- Occupation: Skald
- Writing career
- Language: Old Norse
- Years active: 9th century
- Period: Viking Age
- Notable works: Hrafnsmál, Glymdrápa
- Literary movement: Skaldic poetry

= Þorbjǫrn hornklofi =

9th-century Norwegian skald

Þórbjǫrn hornklofi (Modern Norwegian: Torbjørn Hornklove; note that hornklofi is a nickname, not a surname) was a 9th-century Norwegian skald and one of the court poets of King Harald Fairhair. His poetry has sometimes been regarded as a contemporary source of information regarding King Harald, although it is only preserved embedded within 13th and 14th century king's sagas.

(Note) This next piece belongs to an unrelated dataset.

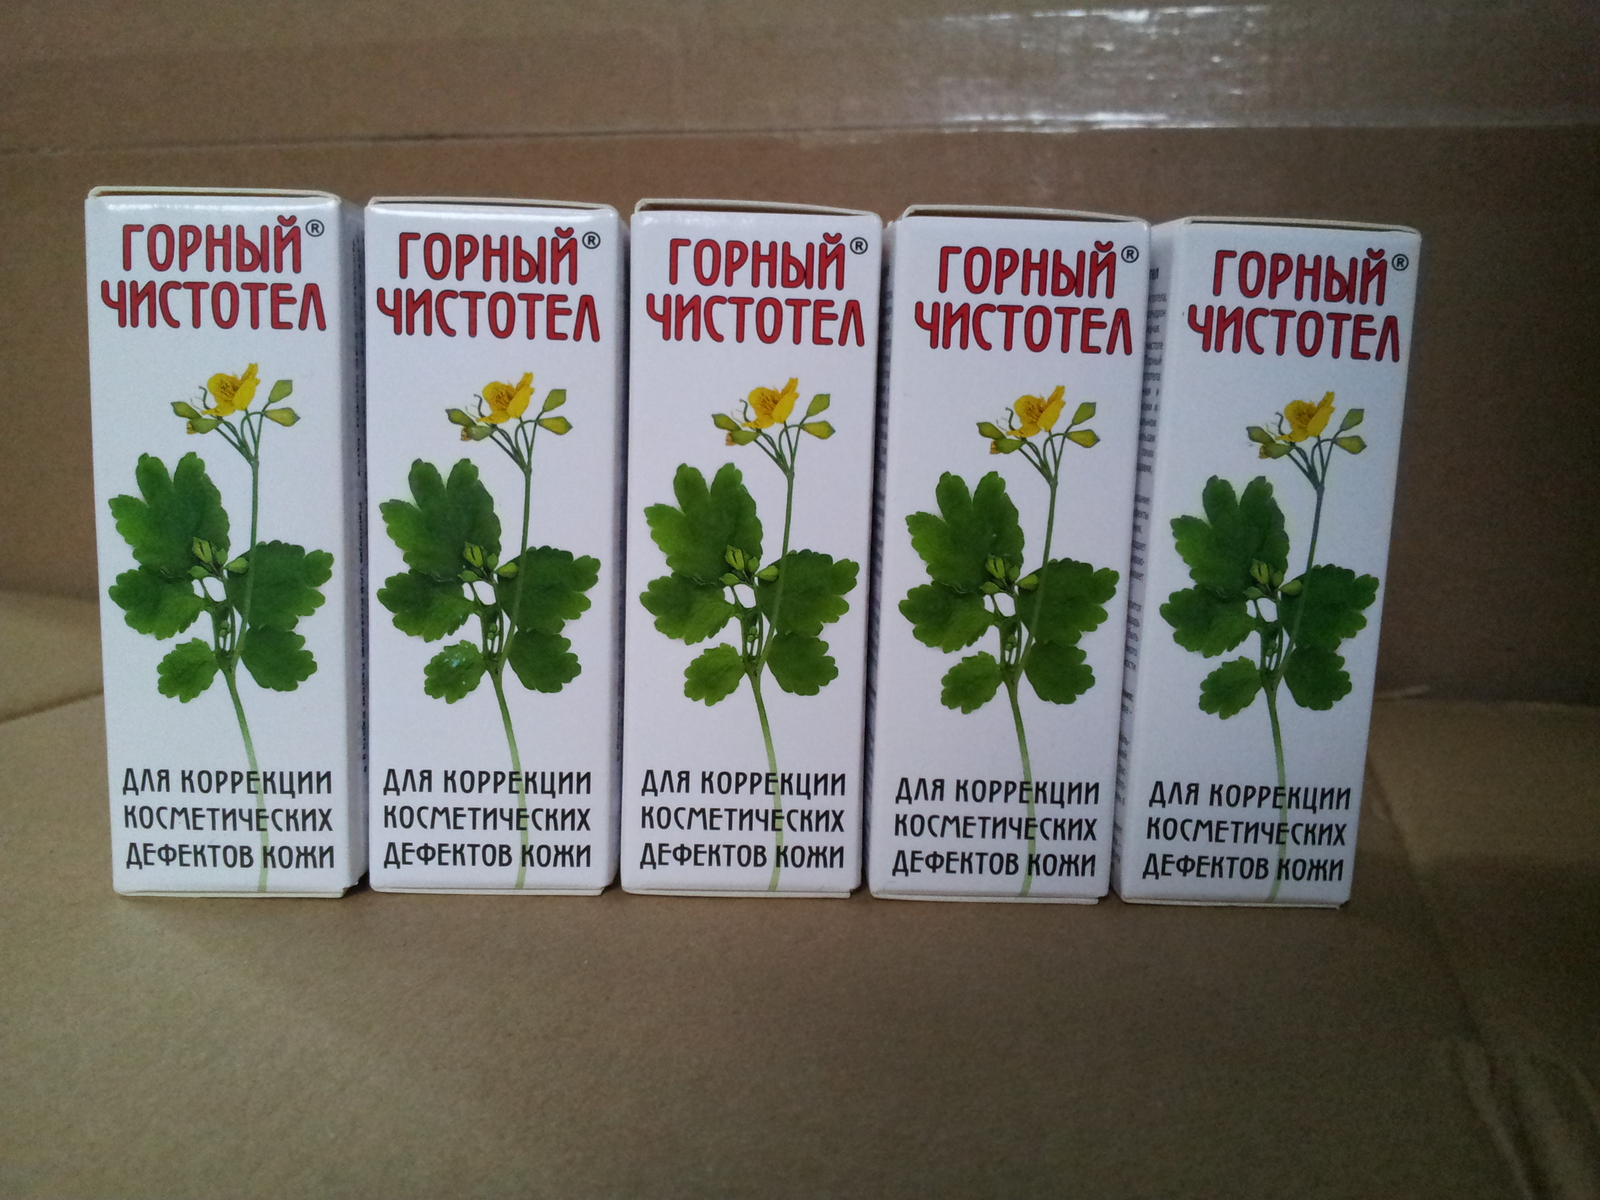 Gornij Cistotel Lip Balm 1 Listing Bioaqua Aloe Vera More Balms
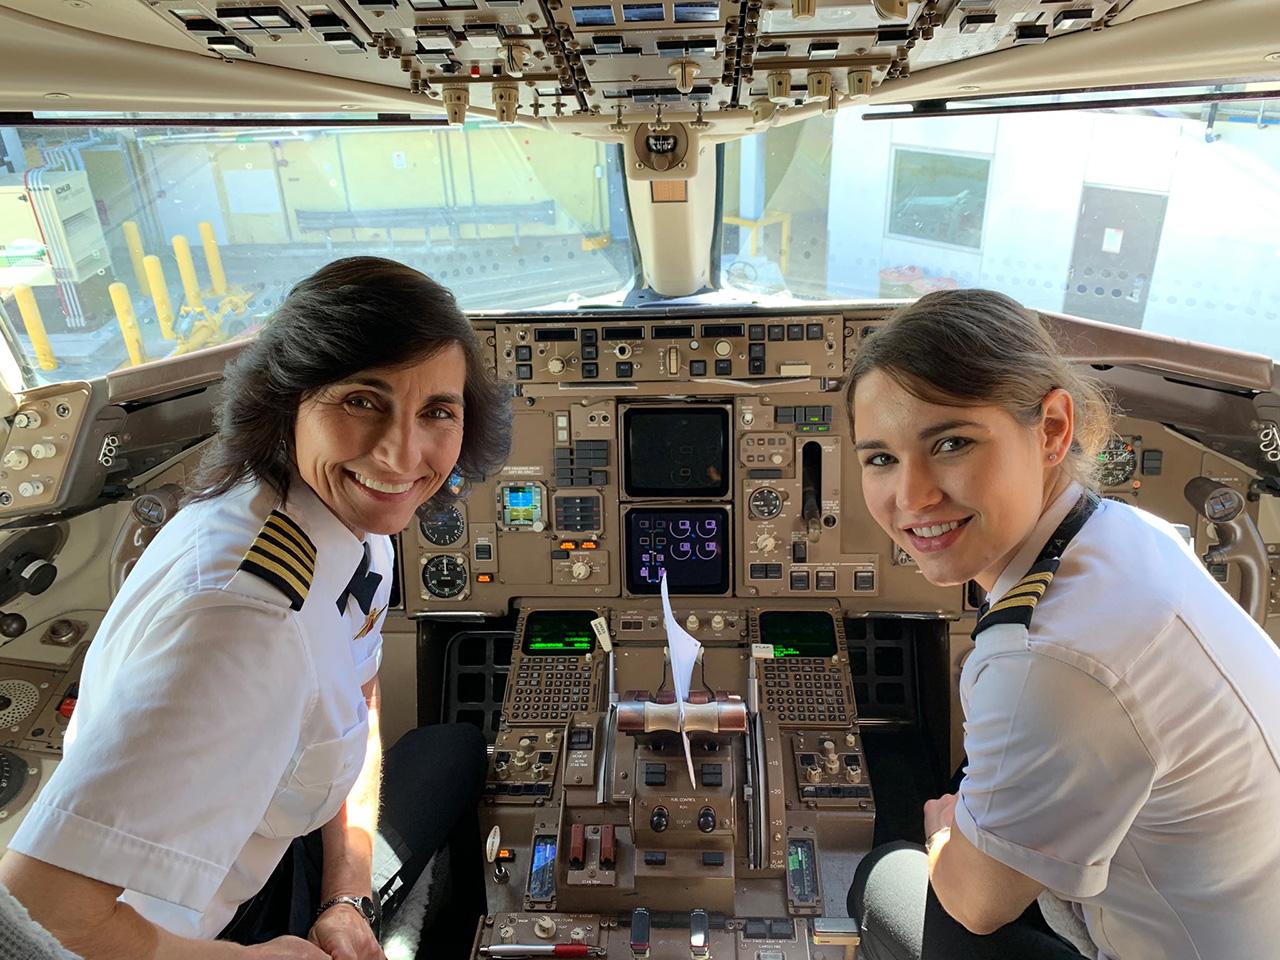 Madre e figlia pilotano un aereo di linea: <br />e io ricordo l'altra metà del cielo, <br />la storia di quando le donne presero il volo

The two skaldic poems by him which are preserved, both only in excerpts, are Hrafnsmál and Glymdrápa. The first poem, which utilizes verse form málaháttr, describes life at Harald's court, mentions that he took a Danish wife, and that he won a victory at the Battle of Hafrsfjord. The second is the earliest preserved drápa in regular dróttkvætt, and relates a series of battles Harald won during the consolidation of his rule of Norway.

==Translations==
- Kershaw, Nora (1922) Anglo-Saxon and Norse Poems. The University Press
- The Lay of Harold in Hollander, Lee Milton (1936) Old Norse Poems: The Most Important Nonskaldic Verse Not Included in the Poetic Edda
- R. D. Fulk 2012, ‘(Biography of) Þorbjǫrn hornklofi’ in Diana Whaley (ed.), Poetry from the Kings’ Sagas 1: From Mythical Times to c. 1035. Skaldic Poetry of the Scandinavian Middle Ages 1. Turnhout: Brepols, p. 73.